Making of: Muscato


In 2002 - inspired by our journeys to the Piemont and prior to taking over the winery - the first Muscato was produced by the Szigeti-Brothers; at that time with still 3,5 bar pressure in the bottle.

Our clients immediately loved this light aromatic champion. Due to capacity reasons we changed to the Inführ company in Klosterneuburg in the following year. They manage in a highly reliable way the pressure tank procedure as well as the complex bottling under pressure atmosphere. Meanwhile a routine process which follows the same procedure every year:

If one would have tasted a Muscat in the middle of fermentation intensive aromas of Muscat, elderberry and citrus would generally be perceptible. This tank procedure - by the way a recognized and common method - guarantees that exactly this aroma spectrum is preserved onto the bottle.

We would expressively like to point out that Triebaumer's Muscato is still the only Austrian “Perlwein” which contains carbonic acid solely produced during fermentation. This results in a much finer perlage which feels creamier on the palate than a product with added (= impregnated) carbonic acid.
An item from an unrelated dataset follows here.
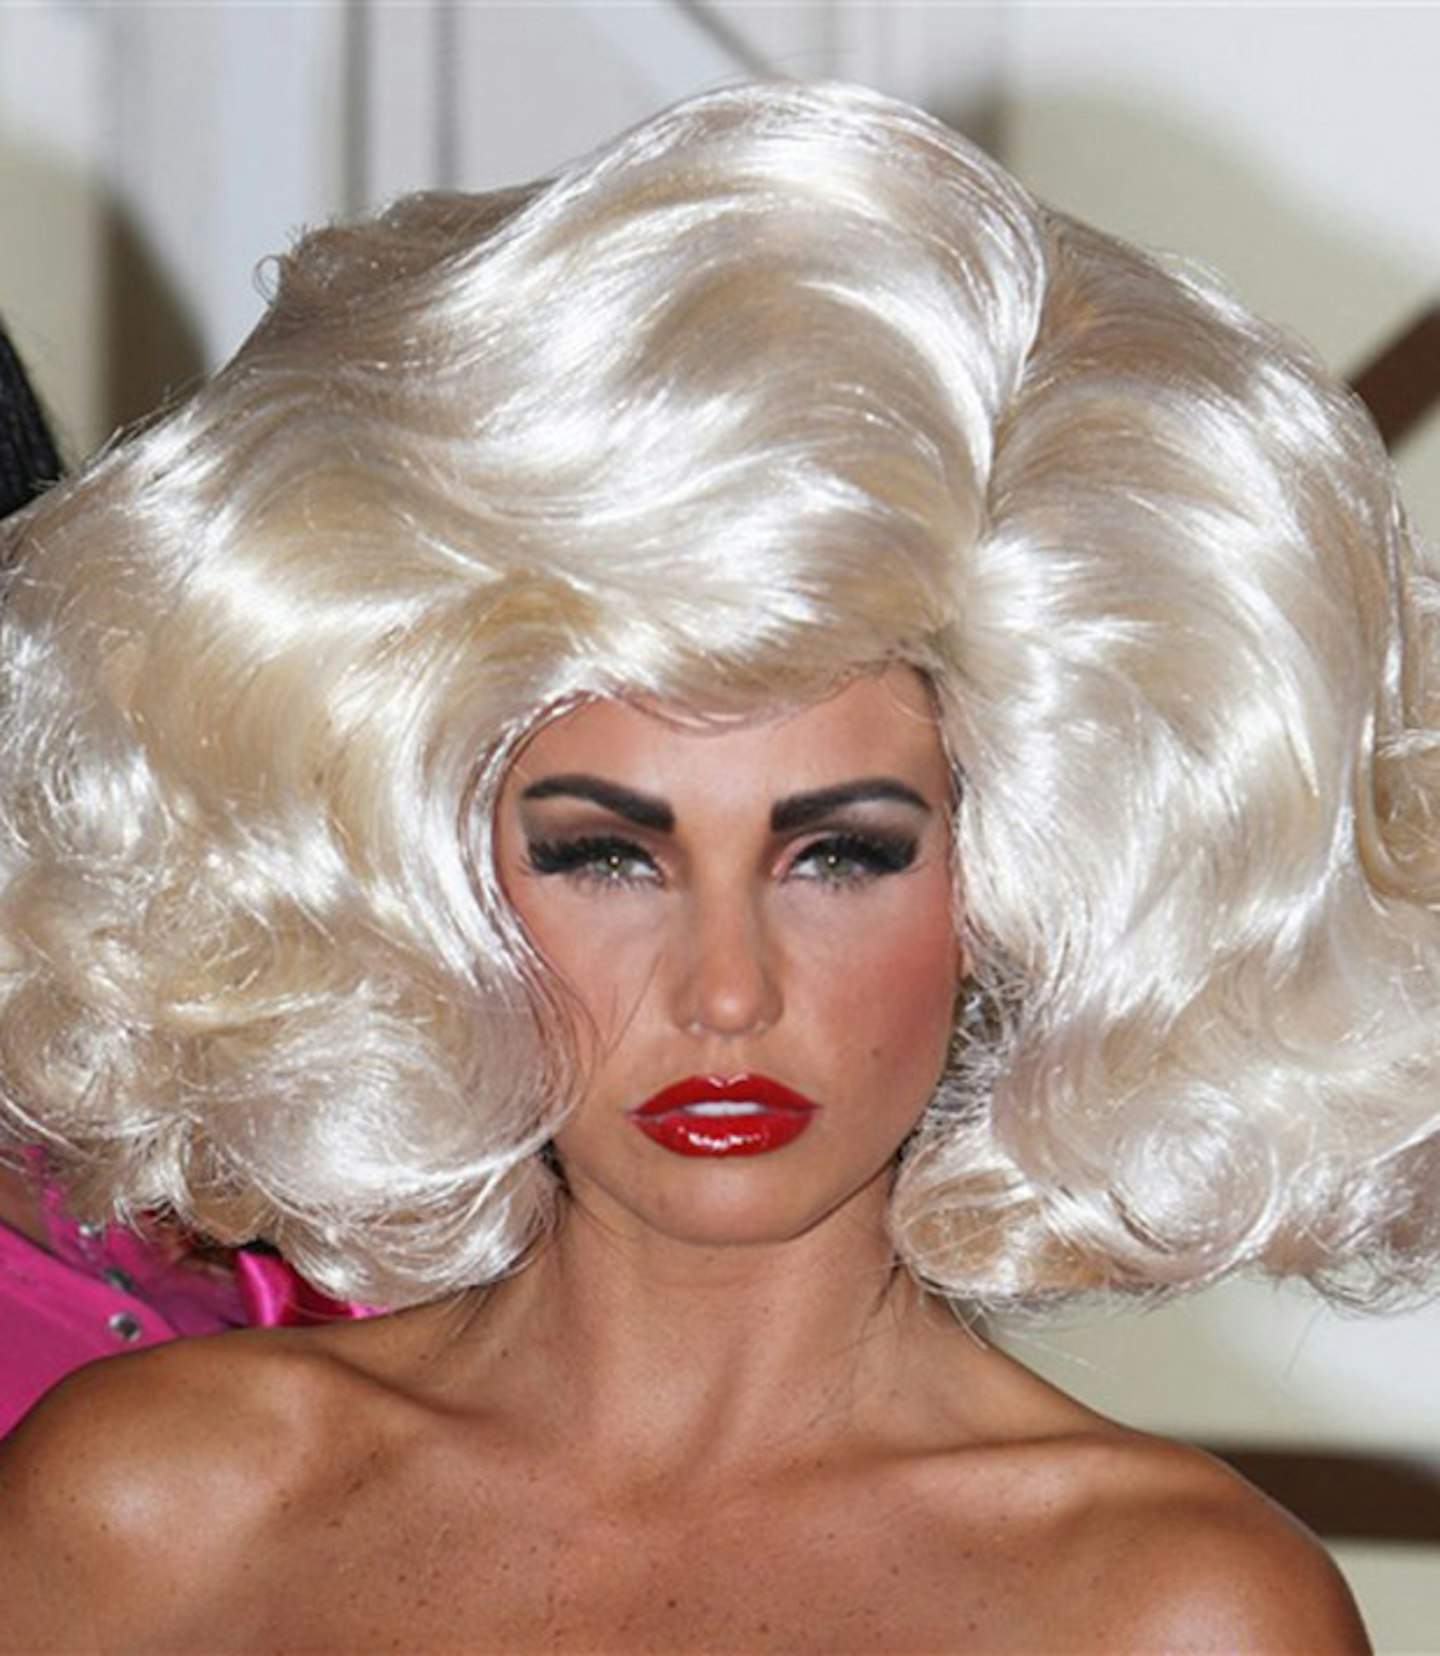 katie-price-jordan-cosmetic-plastic-surgery-before-and-after-43

For unexplainable reasons the Austrian wine law intends for products with an alcoholic content below 9 % a maximum bottle pressure of 2,5 bar. Additionally it prescibes that the product has to be called “Perlwein”, a category which is usually associated with the considerably less expensive and in terms of quality perceptibly inferior impregnation procedure.

From a gastronomic and pleasurable point of view it would be desirable to describe a wine with 3,5 bar pressure as Sekt (sparkling wine). But what will you do - we are in Austria.
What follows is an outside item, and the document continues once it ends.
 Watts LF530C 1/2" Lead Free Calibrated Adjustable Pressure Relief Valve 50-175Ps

In order to avoid the rejectable taxes on sparkling wine in Austria, Germany and the Netherlands
we use the innovative glass lenses screw cap. A German invention which proved to be very reliable and practical. Again: we are the only winery in Austria making use of this technology - a closure made of glass on glass.

It is logical that the residual sugar content of the Muscato is quite high because only a small amount of fruit sugar is transformed into alcohol. Thanks to the CO2 content and the characteristically high acidity level of the Yellow Muscat the Muscato appears nonetheless charming and elegant.

And last but not least Muscato from the Triebaumer estate should be served cold, ice-cold!